Buttò giù quel miracolo musicale che lui stesso chiamò “ die Letzen “ con l’intenzione di farne una quaterna e li riconsegnò alla nuora , tornata a trovarlo dicendole : questo sono i Lieder che tuo marito mi ha ordinato di scrivere!.

Naquerò così , dall’animo stanco del vecchio amareggiato un capolavoro assoluto , quella che Qìuirino Principe definisce una delle opere più terribili di Strauss e sembra avvolgere l’ascoltatore come in una sfera fisica.

 

Sono pensati per voce di soprano , anzi addirittura in parte dedicati ad una bellissima cantante : Maria Jeritza.

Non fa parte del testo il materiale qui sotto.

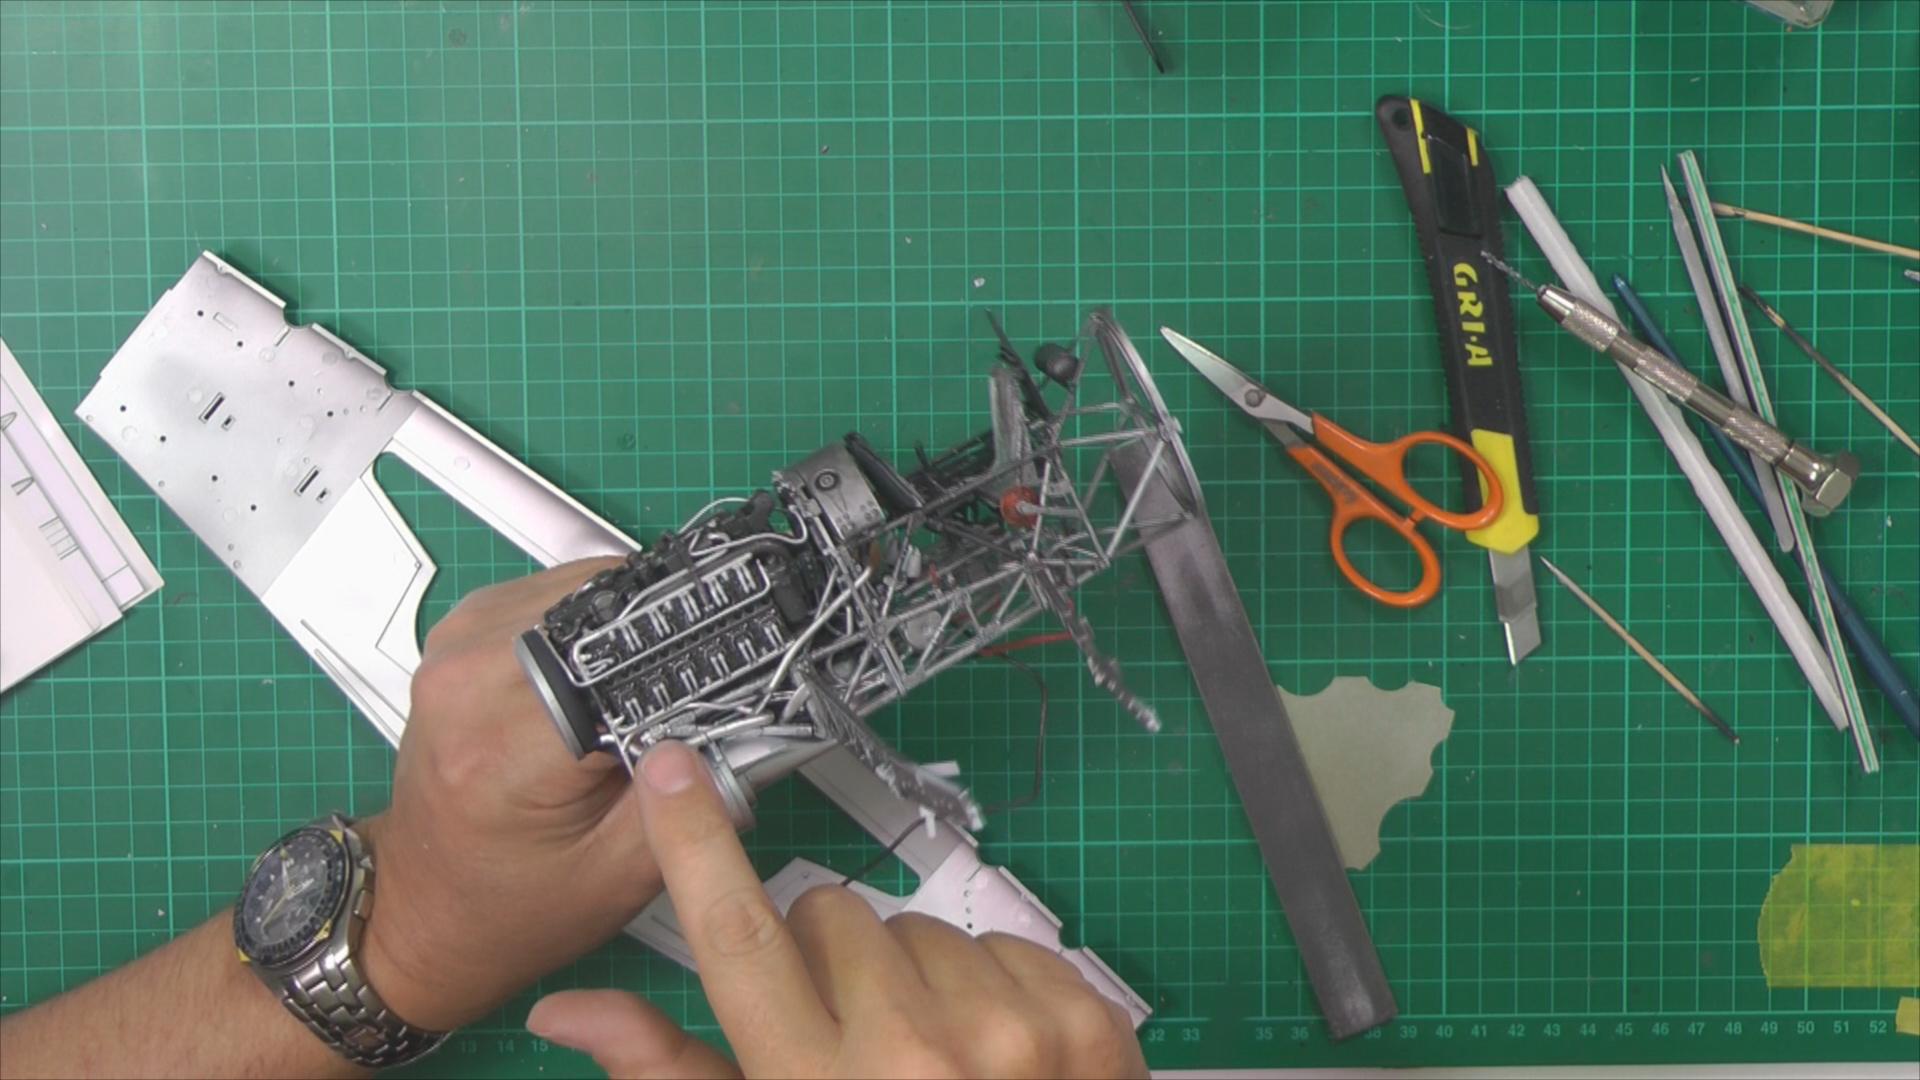 Hawker+Typhoon+Part+4+Pic+2.jpg

Per soprano li ho sempre sentiti e se ne hanno bellissime testimonianze , l’ultima in ordine di tempo Diana Damrau , ma anche Hanja Harteros ne ha fatto un suo cavallo di battaglia .

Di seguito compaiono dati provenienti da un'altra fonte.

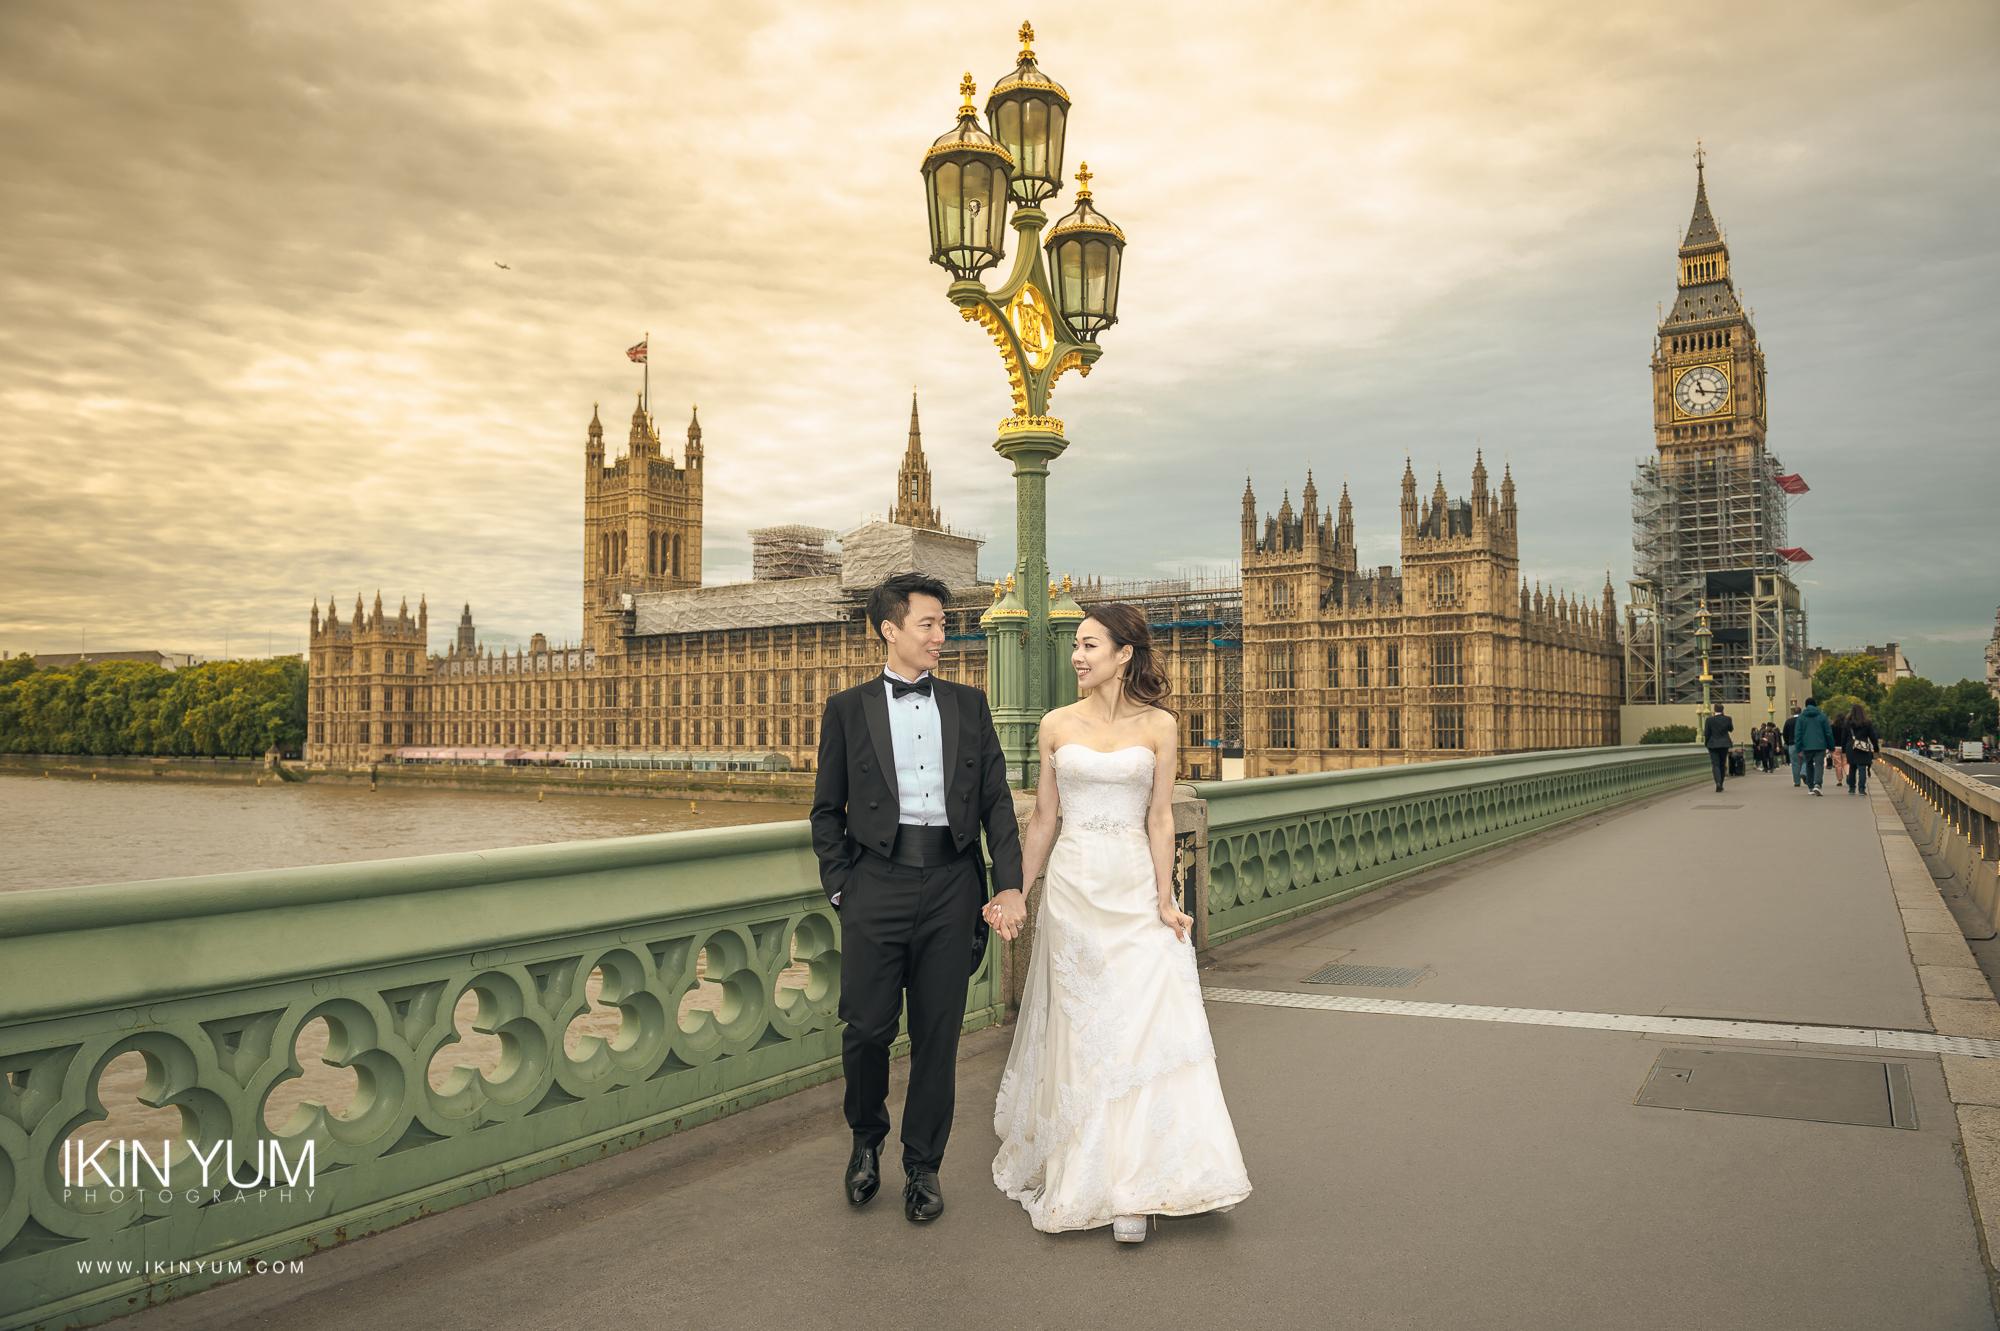 Yannis & Kenny Pre-Wedding Shoot - Ikin Yum Photography-0078.jpg

E adesso , per le solite vie misteriose del web ,mi è arrivata la registrazione di Jonas Kaufmann al Barbican due giorni fa.

Per la verità si tratta di un rinvio , questi Vier letze Lieder due volte annunciati , due volte deluse le folle plaudenti , due volte anche la sottoscritta rimasta con la curiosità di ascoltare una musica bellissima e molto amata  cantata diversamente.

Per quello che vale una registrazione pirata convengo che non abbia deluso le kaufmaniane corse a Londra , mi resta il dubbio che sia stata una operazione utile ad aggiungere qualcosa ad una pagina magica.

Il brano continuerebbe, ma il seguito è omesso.